The miniature robots will aid in obtaining information needed for developing marine-protected areas, determining critical nursery habitats for fish and other animals, tracking harmful algae blooms and monitoring oil spills.
For marine-protected areas, AUEs will help inform debates about the best areas for habitat protection. The instruments can be deployed directly to gauge how harmful algal blooms and oil spills develop and change over time.
AUEs work through a system in which several football-sized explorers are deployed with many tens - or even hundreds - of pint-sized explorers. Collectively, the entire ‘swarm’ of AUEs will track ocean currents that organisms at a small-scale, such as tiny abalone larvae for example, experience in the ocean.
‘AUEs will give us information to figure out how small organisms survive, how they move in the ocean and the physical dynamics they experience as they get around,’ said Franks.
During the pilot phase of the project, Jaffe and colleagues will build five to six of the football-sized explorers and 20 of the smaller versions.

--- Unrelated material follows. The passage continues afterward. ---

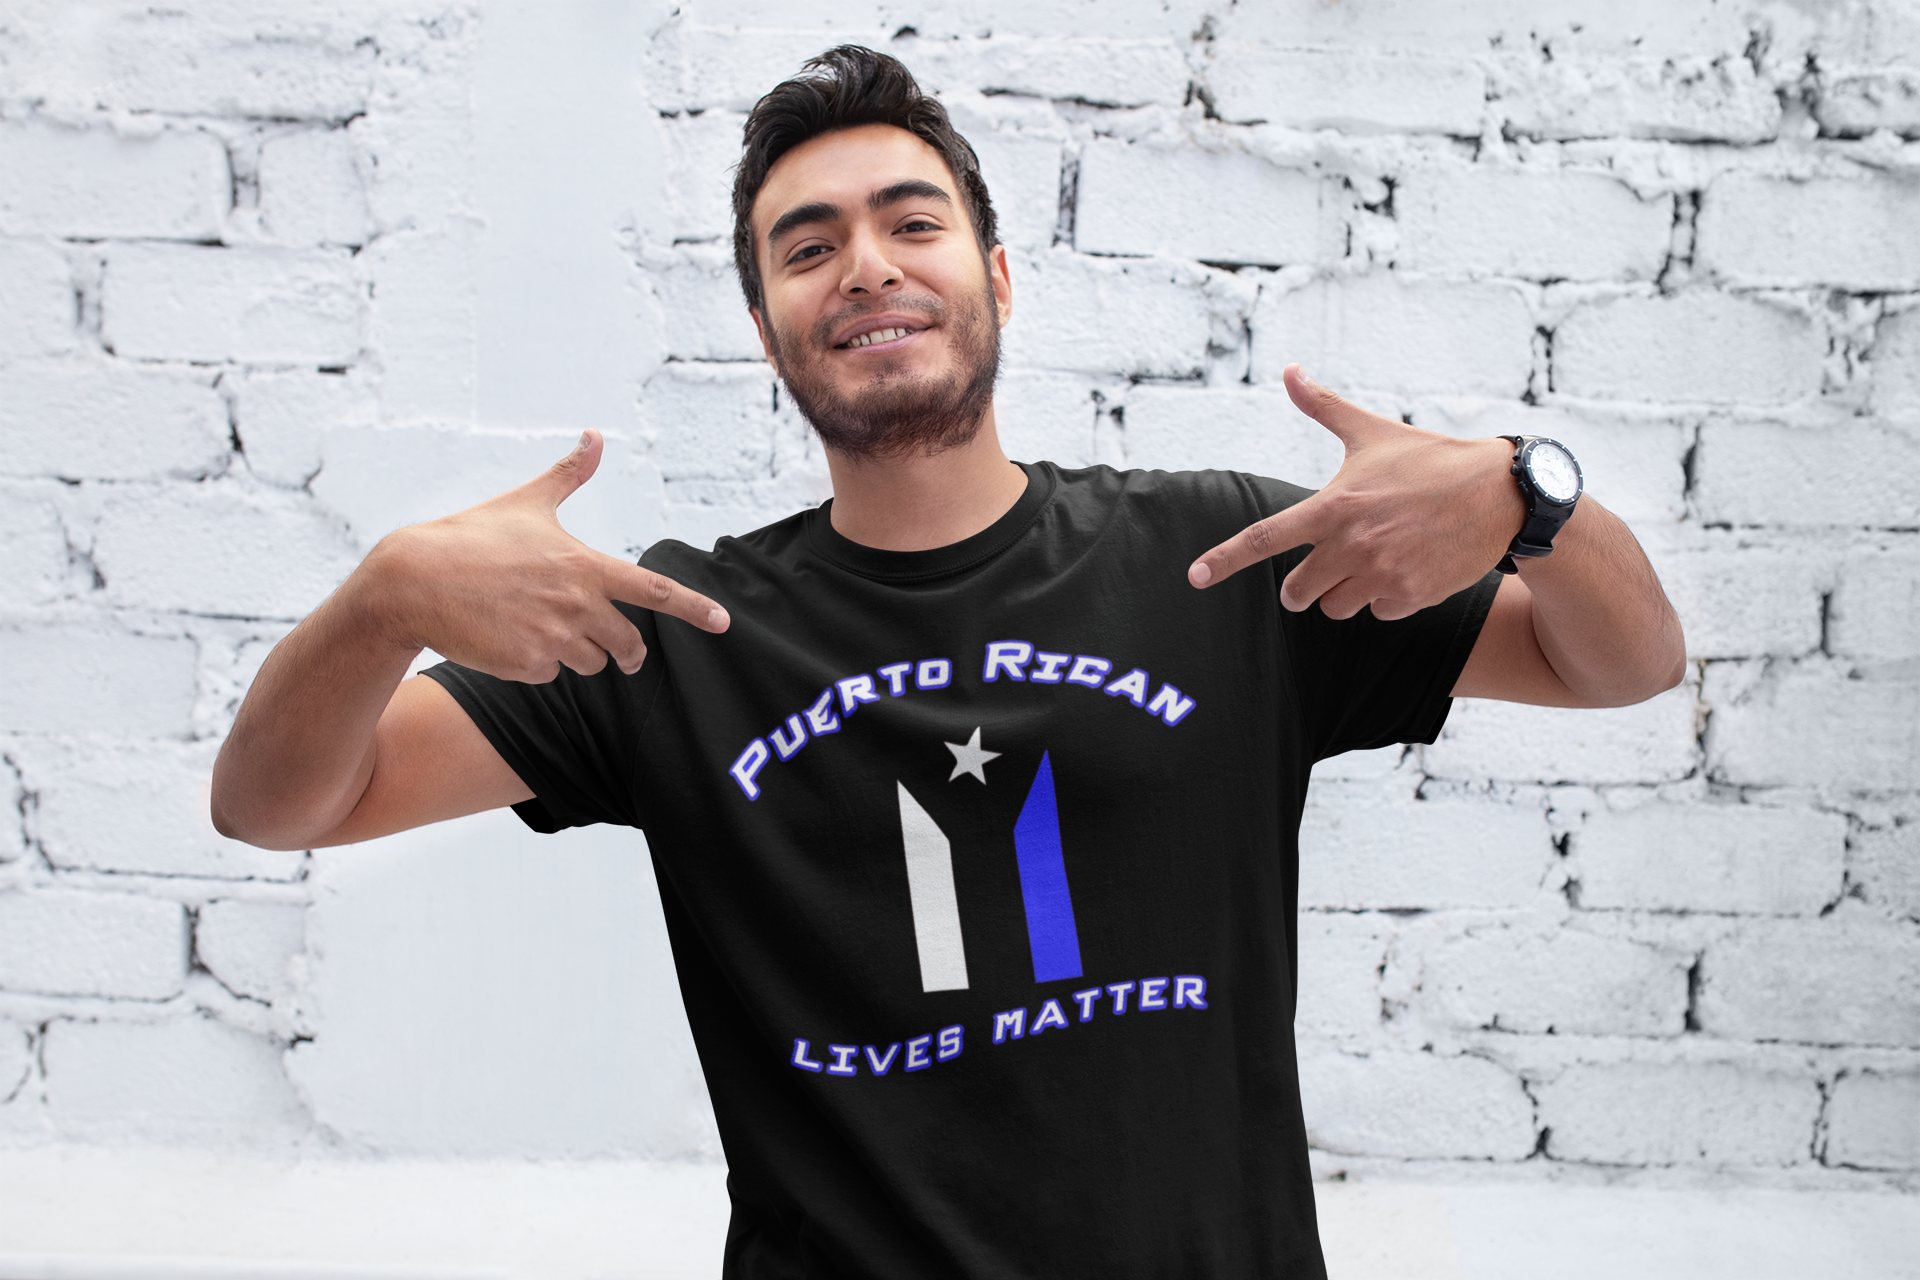 Puerto Rican Lives Matter Shirt. - Drop Top Teez

In a related funding award, the researchers have been given $1.5m (£0.9m) from NSF’s Cyber-Enabled Discovery and Innovation initiative to design and develop the systems necessary to control the movement of the AUEs.
That aspect brings Jaffe and Franks together with researchers at the Cymer Center for Control Systems and Dynamics at University of California, San Diego’s Jacobs School of Engineering and the San Diego Supercomputer Center.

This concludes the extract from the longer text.